形態分類学では形を元に分類をする。AとBの形がどこか違えば別種という判断をする。ただ、その違う部位が相同であることが必須条件である。

例えば、まったく形は違うが、鳥の翼とトカゲの前足は相同である。逆に鯨の尾と魚の尾びれは相同ではない。鯨の尾は足の変形したもので、魚の尾は背骨の延長である。つまり形が違っても由来が同じ器官が相同で、似通っていても元は別の器官であったものは相同ではない。

先生は、ジョウカイボン科の分類を進めるに当たって、使用する形質の細かい部分についても、1つずつ、相同関係を踏まえた上での部分名称を付けて、分類を進めるよう指導された。

系統分類に必要な最も重要な形質として、雄交尾器と、頭部の内部骨格であるテントリウム(Tentorium: 膜状骨)を調べてみることを勧められた。

"雄交尾器"

雄交尾器の教科書としては、100年以上前に出版されたSharp・Muir(1912)を勧められた。

Sharp, D. & F. Muir, 1912. The comparative anatomy of the male genital tube in Coleoptera. Trans. Ent. Soc. London part 3: 477-642. (Reprinted by Ent. Soc. America, 1969).

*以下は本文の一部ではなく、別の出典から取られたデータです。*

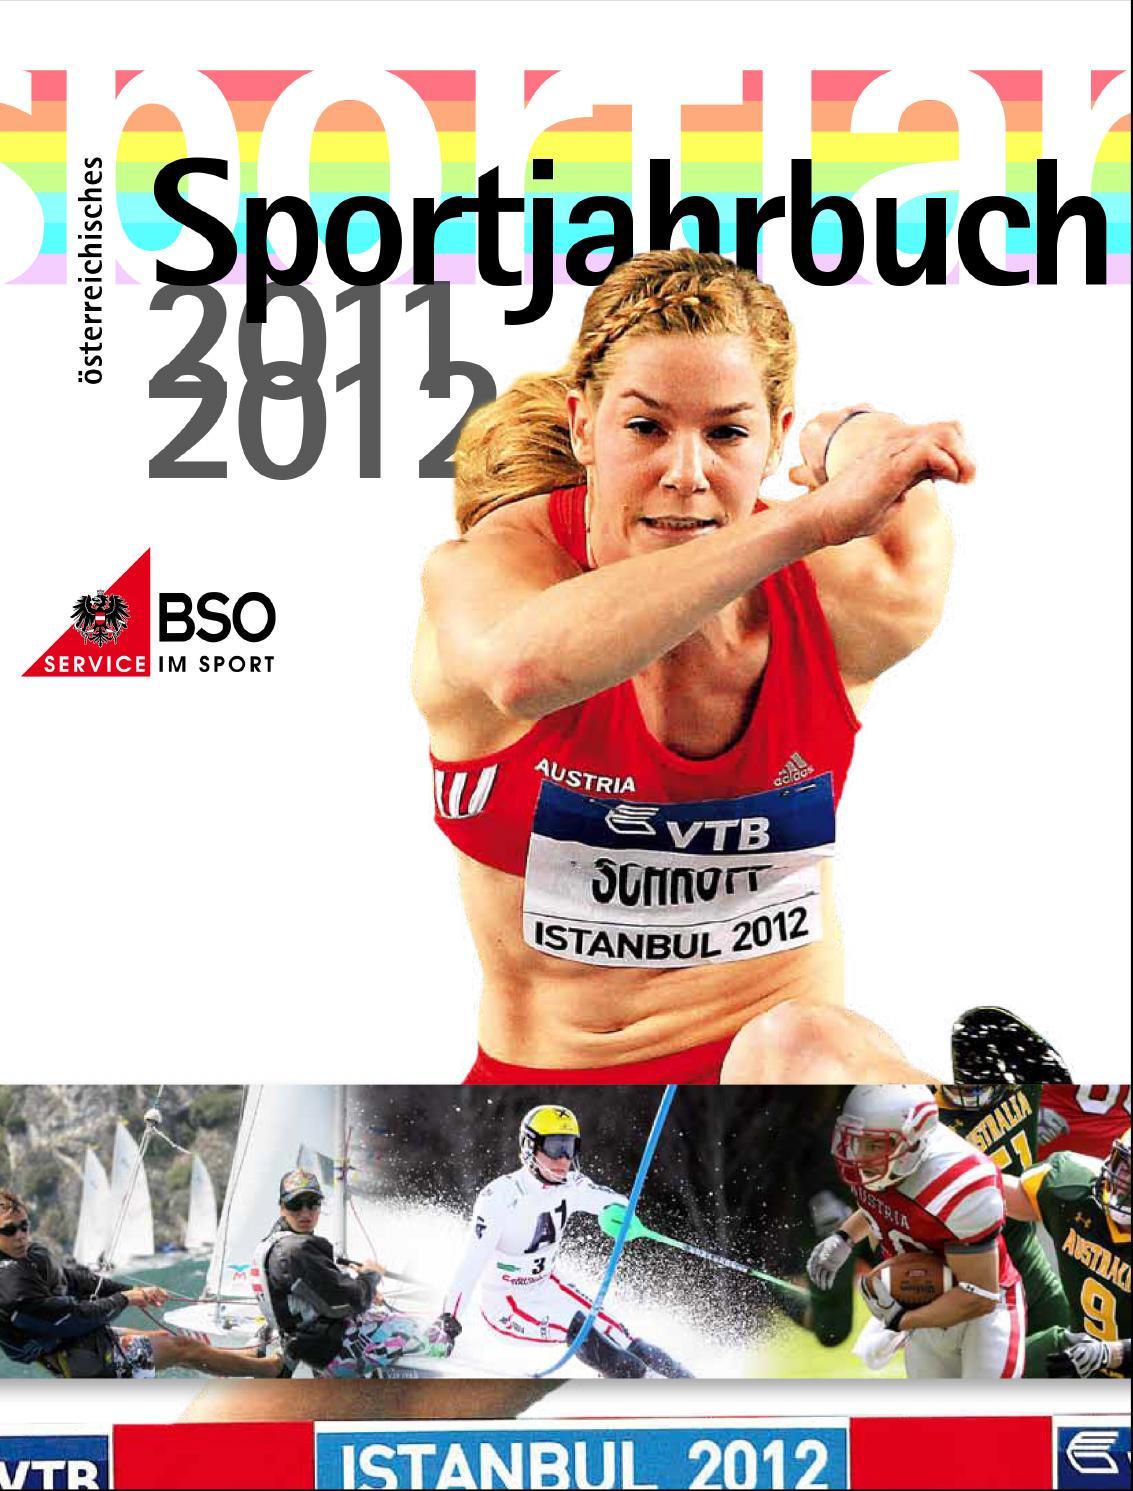 BSO-Sportjahrbuch 2011/12 by Bundes-Sportorganisation - issuu

この本には甲虫のほとんどの科の雄交尾器が図示、解説され、全ての部位に部分名称が付けられている。

これらの図を分類群ごとに眺めると、科あるいは上科ごとにほぼ同じ構造をしているものの、系統的に離れた群では、まったく違った構造や形をしている。

(Sharp・Muir, 1912のpl. 56 三片型など: No. 149-150ツツシンクイ科、No. 151ナガハナノミ科、No. 151クシヒゲムシ科、No. 154コメツキムシ科)




































先生は彼らの論文も含めた集大成として、原色日本甲虫図鑑(I)のp63に雄交尾器の模式図を書かれている。ここでは甲虫の雄交尾器を7つに類型化されている。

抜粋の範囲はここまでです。